Wednesday, March 19, 2008

One Sheet of Paper


Danish artist Peter Callesen creates a white, hyper-aesthetic universe of puns-in-paper, often making use of a tragic-comic slap-stick humour with a melancholic tinge. His paper cutouts are intricate, revealing a painstaking craftsmanship. With great care and immense patience. Instead of drawing, Callesen cuts, folds and suddenly a world appears. 2D becomes 3D, which is quite a heroic gesture in and by itself. A gesture of basic transformation you might call it, initiated by the artist/creator.
Callesen’s sculptures are neither heavy, nor monumental. Rather, through their delicate materiality, their flagrant fragility evokes an ‘aesthetic of possible failure’, as if they are always on the verge of collapsing, of falling apart or being flattened by an awkward hand. In this way Callesen reformulates sculptural practice, querying as well as queering in a way, the monumentality of the medium.
Holding on to Myself, 2006 47,5 x 37 x 7 cm
Acid free A4 80 gms paper, glue, acrylic paint, and oak frame

Thursday, March 13, 2008

Fiona Hall


This birds nest was made by Fiona Hall as part of an installation titled Tender. There are dozens of fragile nests made with shredded American dollar notes precisely mimicking the nests of a variety of birds. The work provides commentary on the effects of modernisation, global markets, deforestation and the impact on natural wildlife habitats. We question the value of profit over diversity and wildness.
Fiona Hall is one of Australia's most prolific and most interesting artists. Born in Sydney (1953) and based in Adelaide, Hall began her career in photography but has extended into diverse media including sculpture, installation and garden design. Her work is characterised by its use of ordinary objects and materials which are transformed into complex and allusive objects.
Her work provides oppertunity for audiences to consider that which we have collectively accepted as 'normal' by causing a kind of double-take when we look at the objects she has made.

Monday, January 07, 2008

Louise Bourgeois


One of my favoutite artists, Louise Bourgeois currently has a major retrospective exhibition at the Tate Modern. Bourgeois' lengthy career spans seven decades: she was born in Paris in 1911, moving to New York in 1938 where she still lives and works. Over these momentous years, she's been associated with many of the big art movements, such as surrealism and abstract expressionism, but still, her work crosses boundaries, defies categorisation and makes it's own definitions.

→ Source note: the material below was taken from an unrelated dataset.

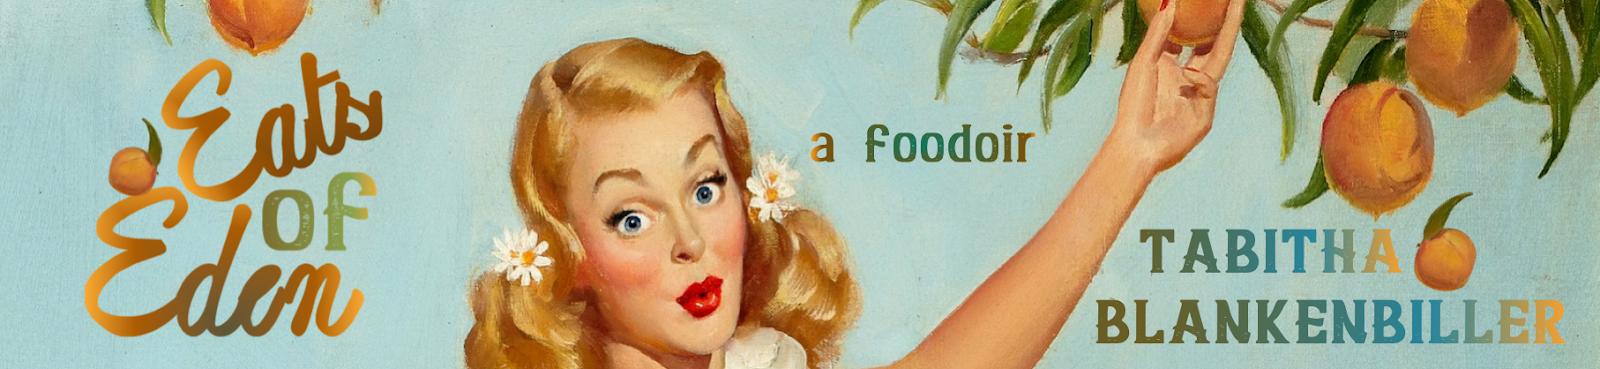 Eats of Eden header banner

Bourgeois has drawn her own path through this timeline. She’s developed her own approach and attitude to art, sometimes familial, sometimes womanly, sometimes terrifying. In 2002 when asked about art's future role in an interview in DIE ZEIT magazine, she answered, “Making people see reason”.

Wednesday, November 28, 2007

Junk Lovette


'Junk Lovette' is an exhibition of art and design objects made using recycled materials at M.A.D (Make a Difference) Gallery in Newtown run by the guys from Reverse Garbage in Marrickville.
Reverse Garbage has been operating since 1975 and is a great resource for teachers, set designers and artists. They stock industrial excess such as plastics, stationary, fabrics, old computers and wood. Odd stuff can be found like a bin full of wooden doorknobs, swathes of leather and rolls of paper as well as display mannequins and shelving.
Reverse Garbage aims to decrease human impact on the environment while developing imagination and creativity.

Tuesday, November 27, 2007

All That Remains


Julie Shiels has a background in print making. Back in the 80s she was a member of Another Planet Posters, a group that made silkscreens with a clear political message. These days her work is more whimsical, somewhat gentler.
She describes three different sorts of practice: discarded, boxed in, and postings. All still happen on the street and they're entirely ephemeral: words like You Never Think It Will Happen To You stencilled on a discarded mattress, Back Soon and On the Brink on cardboard boxes.